1. Electronically controllable brake unit for automotive vehicles with a pressure generating device for generating a hydraulic pressure and a drive unit for the device,

characterized in that the pressure generating device is an internal gear pump (4).

2. Brake unit as claimed in claim 1,

characterized in that the internal gear pump (4) is an independent construction unit.

3. Brake unit as claimed in claim 2,

characterized in that the internal gear pump (4) is configured as a cartridge.

4. Brake unit as claimed in any one of the preceding claims 1 to 3,

characterized in that the internal gear pump (4) is attached in a valve block (1) of a hydraulic control unit by at least one clinch-type or calk-type connection (26).

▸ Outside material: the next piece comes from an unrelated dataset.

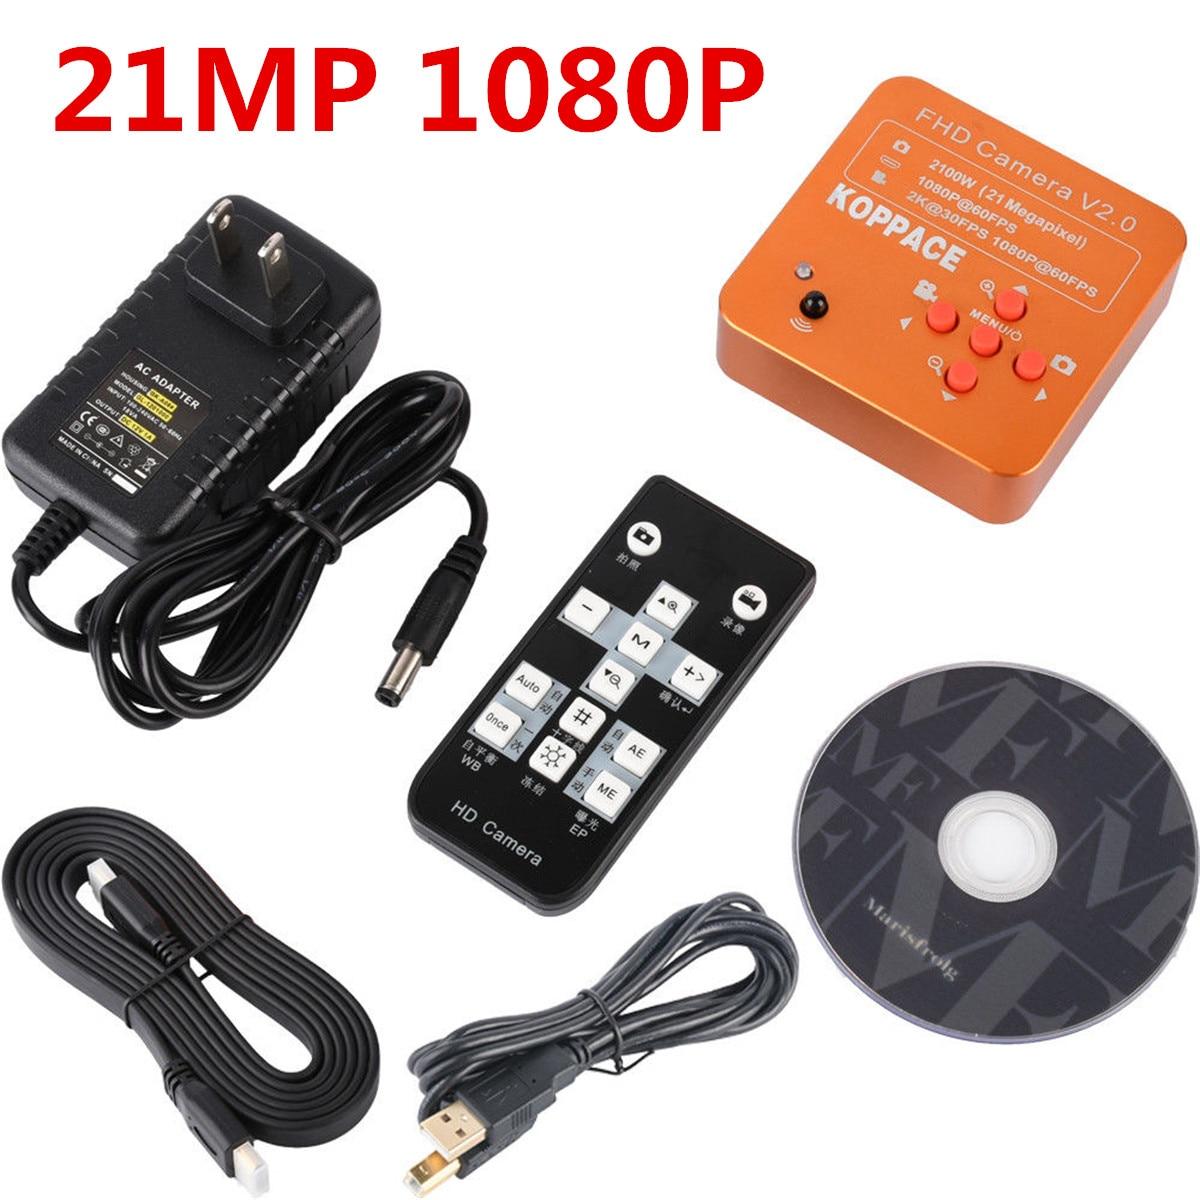 Наборы микроскопов HD 21MP 1080 P 60FPS HDMI FHD фото видео цифровой промышленный микроскоп камера Пульт дистанционного управления
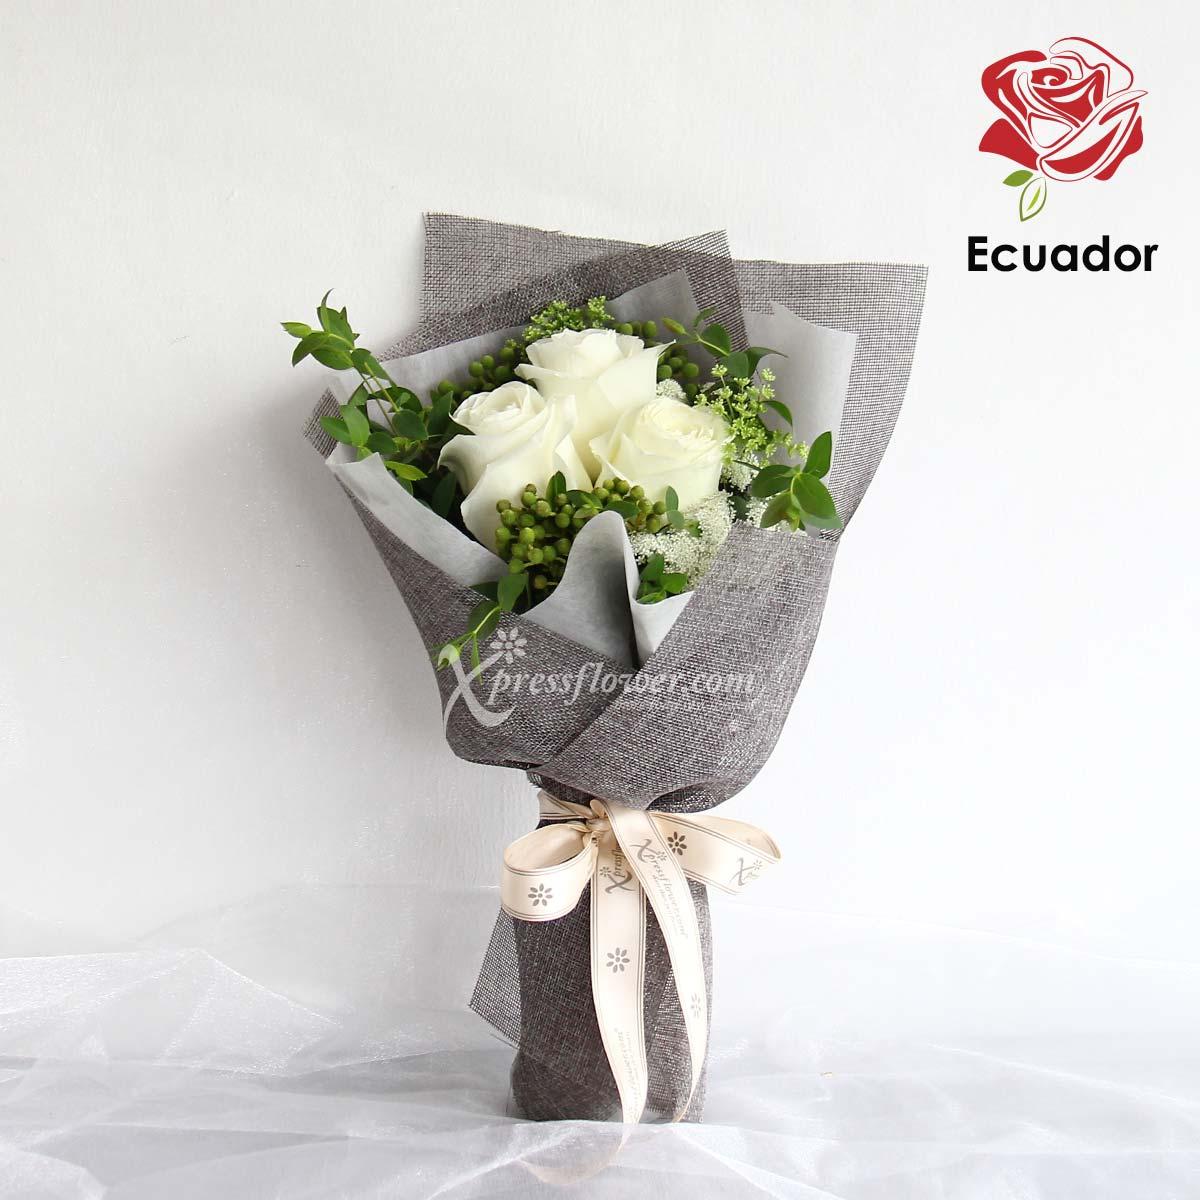 Immaculate Purity (3 stalks Premium Ecuador White Roses)

5. Brake unit, especially as claimed in any one of claims 1 to 4,

characterized in that a pressure-side port of the pressure generating device is connected to a valve assembly (6) configured as a cartridge, the said valve assembly including a non-return valve (30) and a pressure-limiting valve (31).

6. Brake unit as claimed in claim 5,

characterized in that the valve assembly (6) is attached in a valve block (1) of a hydraulic control unit by way of a clinch-type or calk-type connection (33).

7. Brake unit, especially as claimed in any one of claims 1 to 6,

characterized in that a shaft (7) of the drive unit is guided in a bearing (36), the said bearing (36) being arranged in a valve block (1) of a hydraulic control unit.

8. Brake unit, especially as claimed in any one of claims 1 to 7,

characterized in that the pressure generating device is a pump including a housing part (17) and a cover part (18), with the housing part (17) and the cover part (18) being interconnected by means of lanced indentations.

9. Brake unit, especially as claimed in any one of claims 1 to 8,

characterized in that a low-pressure chamber (44) is designed in the pump aspiration area of the pressure generating device.

10. Brake unit as claimed in claim 9,

characterized in that the low-pressure chamber (44) is connected to a low-pressure accumulator or a like element.

11. Brake unit as claimed in claim 9 or 10,

characterized in that a clutch device (8) for coupling the drive unit and the pressure generating device is arranged in the low-pressure chamber (44).